Computation on a QPU is fundamentally different than other computational units (such as Graphical Processing Units [GPUs], Field Programable Gate Arrays [FPGAs] and classical computer Central Processing Units [CPUs]) because of the very short timescales which data can be stored and manipulated within qubits in the QPU due to finite qubit coherence times. This means that the computation must carried out in discrete units, often referred to as circuits which includes loading the data onto the qubits, carrying out computation on the qubits and measuring the qubits. This is in contrast to other forms of computational units where a computation can be carried out in a streamed and interleaved fashion, i.e. computational tasks can be split up and paused. As such, control of the computation which is to be carried out on the QPU is different to other computational technologies and therefore requires different ideas. We use the term circuit to refer to one of these computational blocks to be executed on the QPU, which can also contain a small amount of classical computational, for example a measurement-based quantum gate.
Hybrid algorithms interleave the execution of classical computations with the execution of circuits on the QPU. There are a large range of such quantum algorithms to tackle a plethora of problems in the fields of chemistry, optimisation and QPU-benchmarking, among others.
FIG. 1 shows a hybrid classical-quantum computing system 100, comprising a CPU 102 connected to a QPU 104. The connection 106 between the CPU 102 and the QPU 104 can take many forms from PCIe lanes through to ethernet links as well as internet links in cloud systems, for example.

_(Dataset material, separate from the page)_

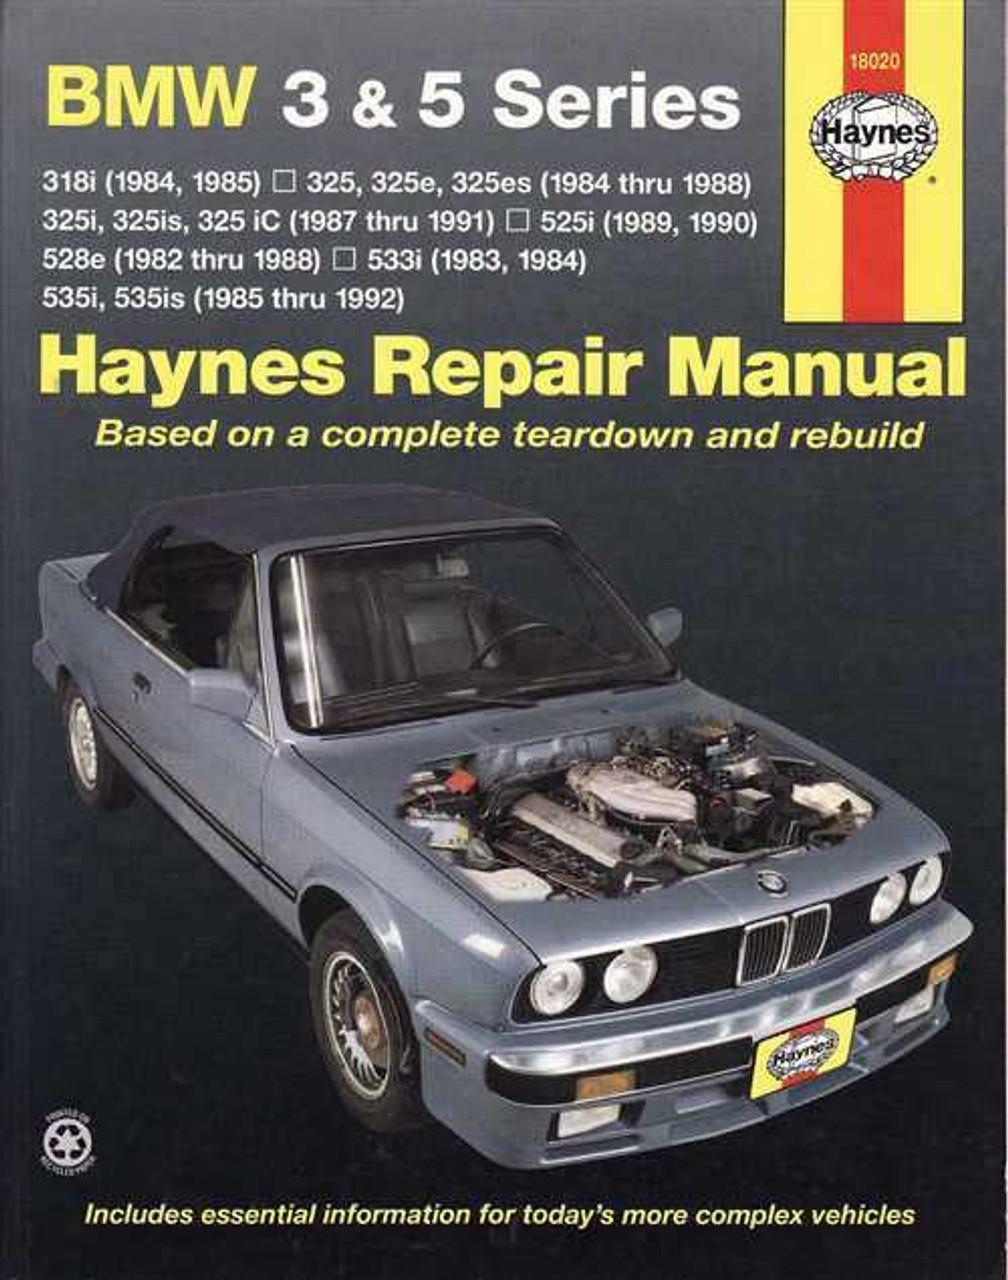 bmw 3 series e30 and 5 series e28 e34 1982 1992 workshop manual rh automotobookshop com au bmw e30 service manual bmw e30 service manual pdf

This leads to a wide range of latencies, the time to transfer data from the QPU 104 to the CPU 102 or vice versa. For communication time between the CPU 102 and the QPU 104 varies from 100 μs up to a number of seconds. It should be noted that for a number of qubit technologies this is orders of magnitude longer than the time required to execute a circuit.
For superconducting qubits, current circuit execution times can be of the order of 5 μs. Within the non-error-corrected regime, the circuit execution time is currently upper bounded by the decoherence time of qubits.
In current systems, the classical computation is carried out on the CPU 102 and the circuit execution occurs on the QPU 104.
FIG. 2 shows serial processing scheme 200 for executing an adaptive algorithm. In such algorithms, classical computation 202 needs to be completed between each circuit execution. This makes it possible to analyse the data from a first circuit execution 204 and then either adjust a parameter in a second circuit 206 to be executed on the quantum processing unit or to change the nature of the second circuit 206 to be executed. This requires a data transfer 208 to the CPU from the QPU and back 210 between each circuit execution.
Assuming the circuit execution is 5 μs and the single trip latency is 100 μs, a single circuit and update step takes at least 205 μs. Of this time the QPU is being utilised for only 5 μs which leads to a qubit utilisation of only 2.5%. Thus, the QPU is sitting idle for 97.5% of time leading to very poor utilisation of resources and increased time to execute the algorithms.
Many hybrid algorithms, such as the original specification of the Variational Quantum Eigensolver (VQE), require the same circuit to the executed many hundreds, or even thousands of times. This allows the batching of circuit executions, i.e. only transferring data between the QPU and CPU once per some (possibly large) number of ‘shots’ (circuit executions). In this setting the latency time is shared between all the circuit executions and so has nearly no effect on the qubit utilisation numbers. However, more modern algorithms can break this paradigm to improve algorithmic performance and improve the ability to push the qubit hardware to its limits.
Latency issues occur in classical hardware but the discrete units of work execution (circuits) on QPUs require a different approach from the traditional approaches in tackling latency in computation. The solution disclosed below draws from a wide range of areas in classical computation, such as accessing data from solid state data storage and parallel computing. However, an unexpected step is required to merge them and tackle this latency problem in the context of quantum computing.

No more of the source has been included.